No. According to the USB spec, maximum allowed round-trip latency to any peripheral (regardless of the number of hubs) is 1.5 microseconds, many orders of magnitude below what a human being could sense. Electricity will propagate over a 32' cable in around 50ns, another couple orders of magnitude smaller still.

Also, do you use hubs on the end for the keyboard/mouse or do you run a separate cable for each one? If you use hubs, have you run into issues with using them? Do you have gaming quality peripherals on the end as well (high dpi and polling mice and high poll rate keyboards)?

I have a hub attached to each one, with a cheap keyboard and a Logitech MX518 mouse. Guests are welcome to bring their own peripherals if they so choose.

I ask as gaming peripherals tend to put more strain on USB connections then normal peripherals and can crap them out when they're operating on the edge (like the 32' repeater you mentioned). They draw more power and operate close to limitations of the spec in terms of latency.

The hubs are powered. They are USB 2.0, so they support many orders of magnitude more bandwidth than you could ever generate with a keyboard or mouse.

With all due respect, I think you're been fooled into believing the marketing of some companies that want to sell you expensive placebos. Keyboards are just not a significant source of latency in any gaming setup.

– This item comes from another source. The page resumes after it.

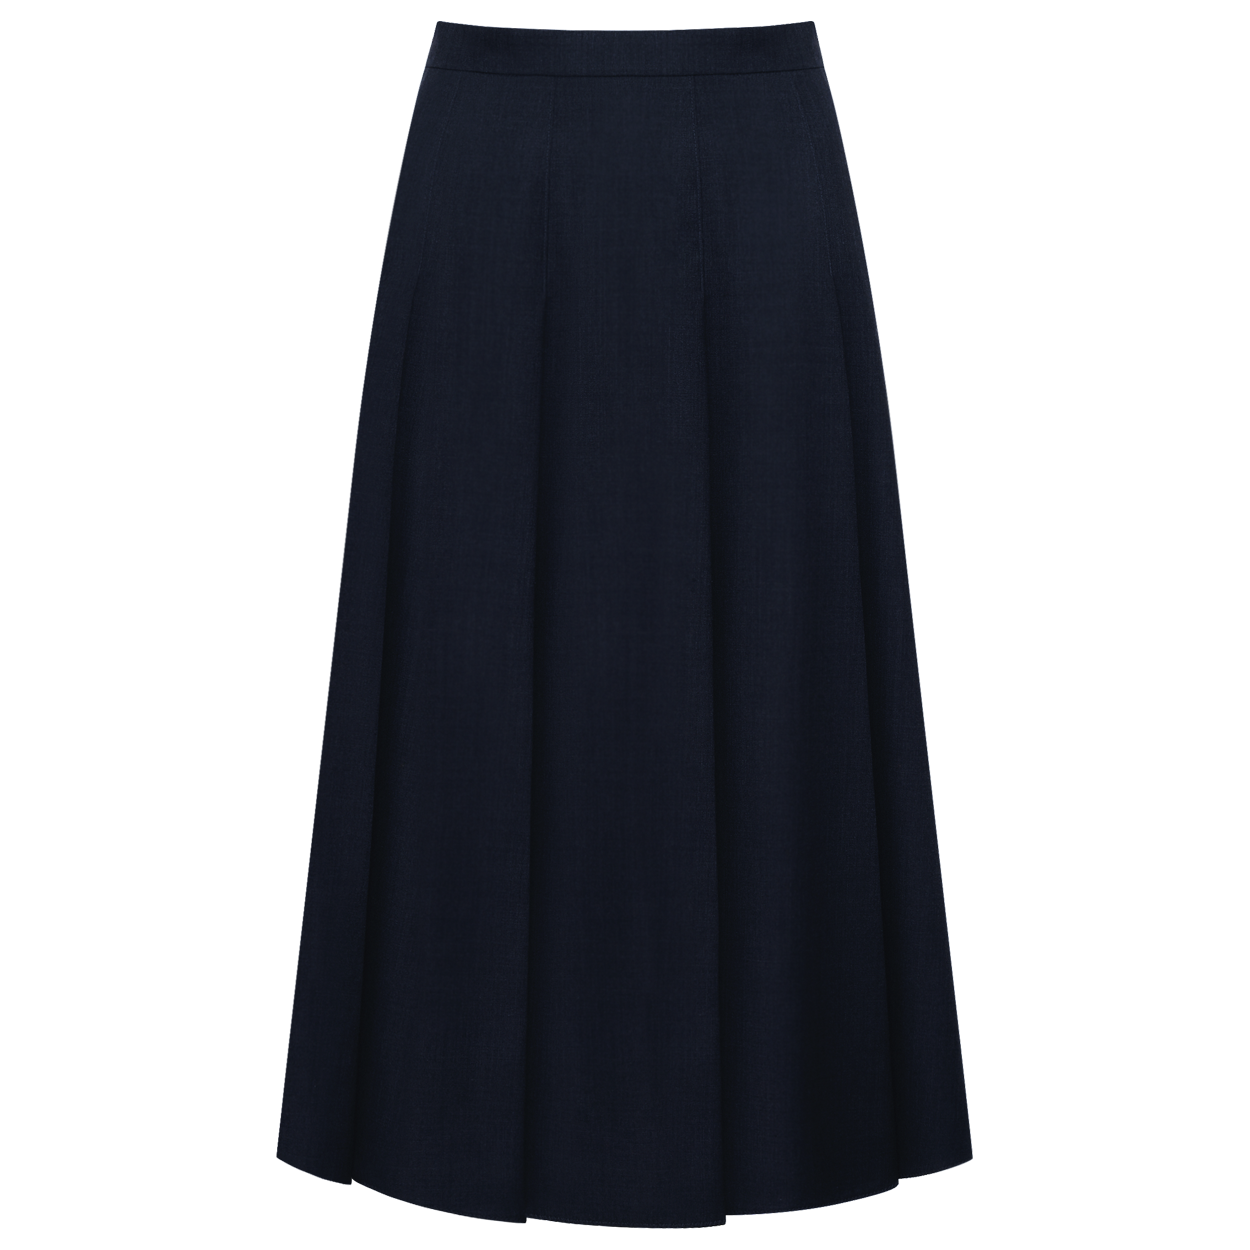 Mela pleats skirt (dark navy)

Comment: Re:Your house is great! (Score 1) 123

by Temporal (#38411020) Attached to: Technical Details Behind the LAN-Party Optimized House

Yeah they all end up with the same machine name. I disabled automatic network discovery so they won't broadcast themselves, since it would just lead to confusion. File sharing can be done by copying files to and from a share on the server machine. I don't see why games would care since they operate at the TCP/IP level, not using computer names. I have only tested a couple things so far, though, like UT2k4... will be trying more today (LAN party!).

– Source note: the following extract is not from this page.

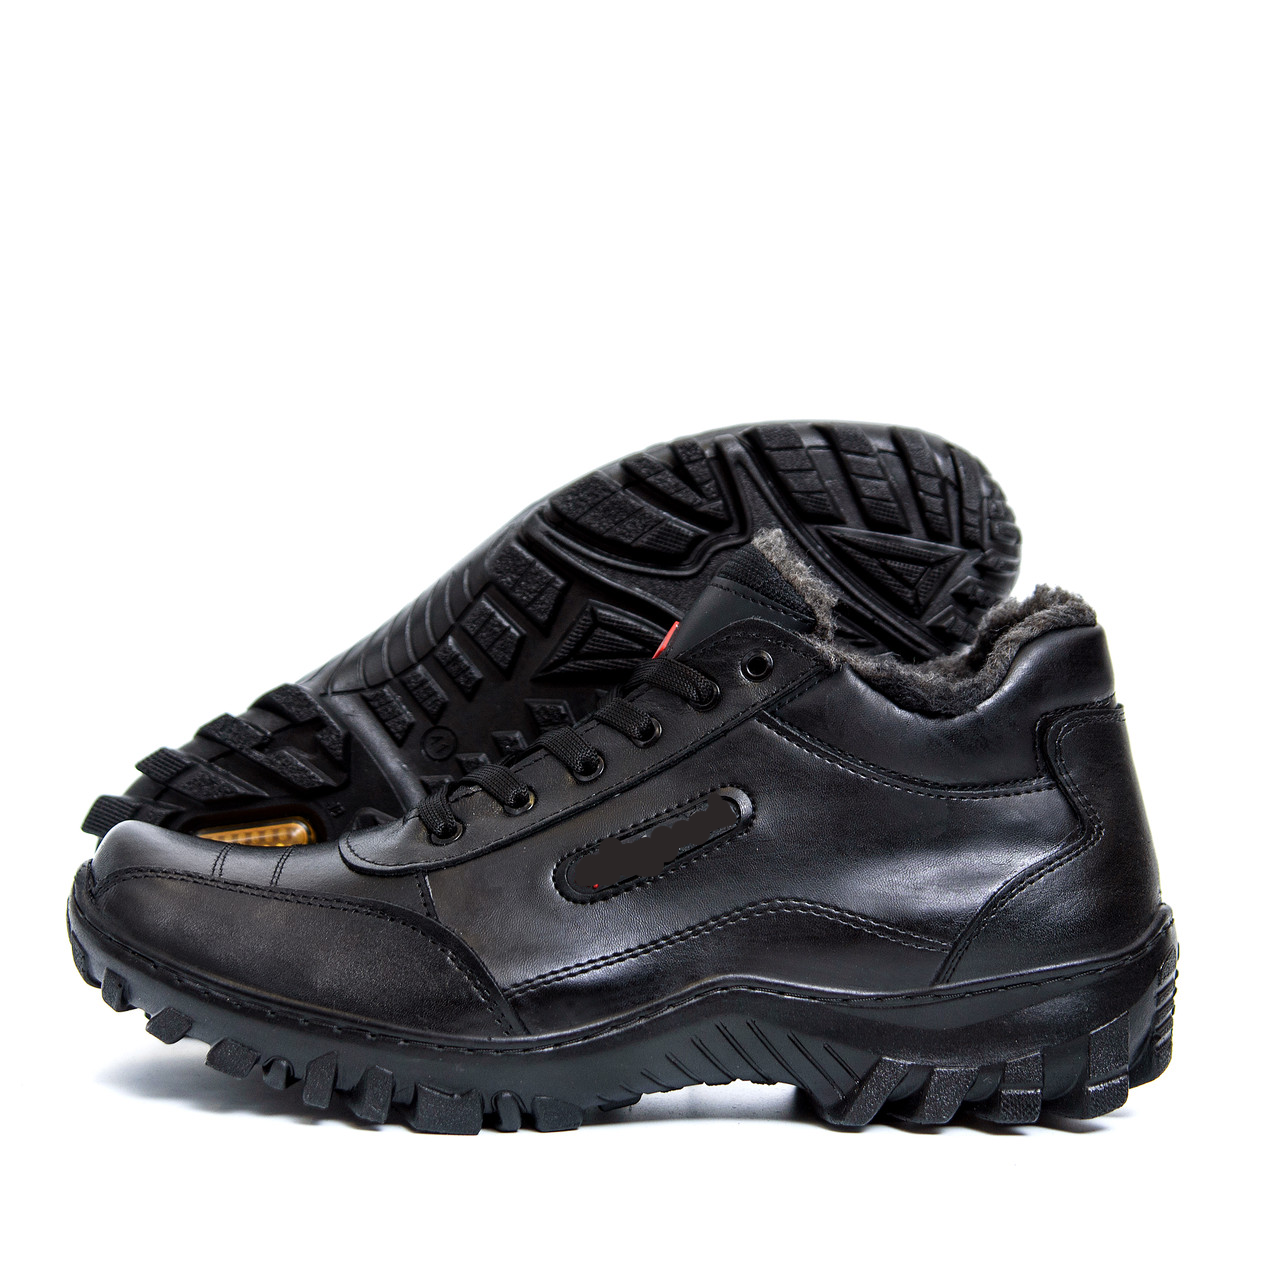 Чоловічі зимові шкіряні черевики ZK Antishok Winter Shoes р. 39 40 41 42 43 44 45, фото 1

Comment: Re:God dammit (Score 1) 123

by Temporal (#38407030) Attached to: Technical Details Behind the LAN-Party Optimized House

To a girl that grew up on a farm in China near the Russian and North Korean borders you may be an interesting technocrat with an impressive command of English and full of witty comments she's never heard before.

I'm not sure if you meant to say that you think this describes my girlfriend. But if so, that's extremely racist. Christina was born and raised in Boston. And I'm dating her because she's a gamer geek, not because she's Asian.

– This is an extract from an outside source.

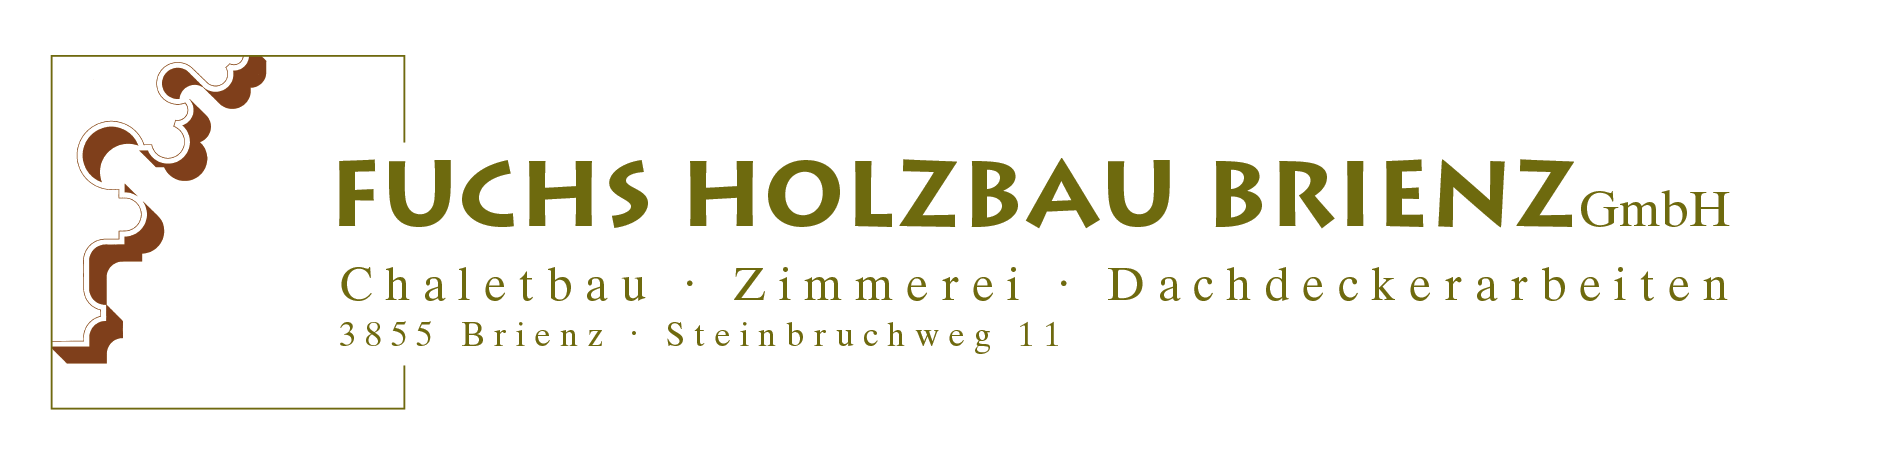 Fuchs Holzbau Brienz

Comment: Re:No.. (Score 2) 123

by Temporal (#38405200) Attached to: Technical Details Behind the LAN-Party Optimized House

The question isn't "How", its "Why".. money doesn't seem to be the big issue here, so why not spring for Server 2008R2 and manage all the boxes from there? it does all this updating/registering/etc your hacking together, and for around $800, versus your hourly rate x hours hacking, seems less expensive and the result is a heck of a lot more manageable. I'm all for the do-it-yourself type, but managing disk images? Yeah I can spend my time better elsewhere

No, it really does not do anything like what I'm doing... and anyway, setting this all up was lots of fun.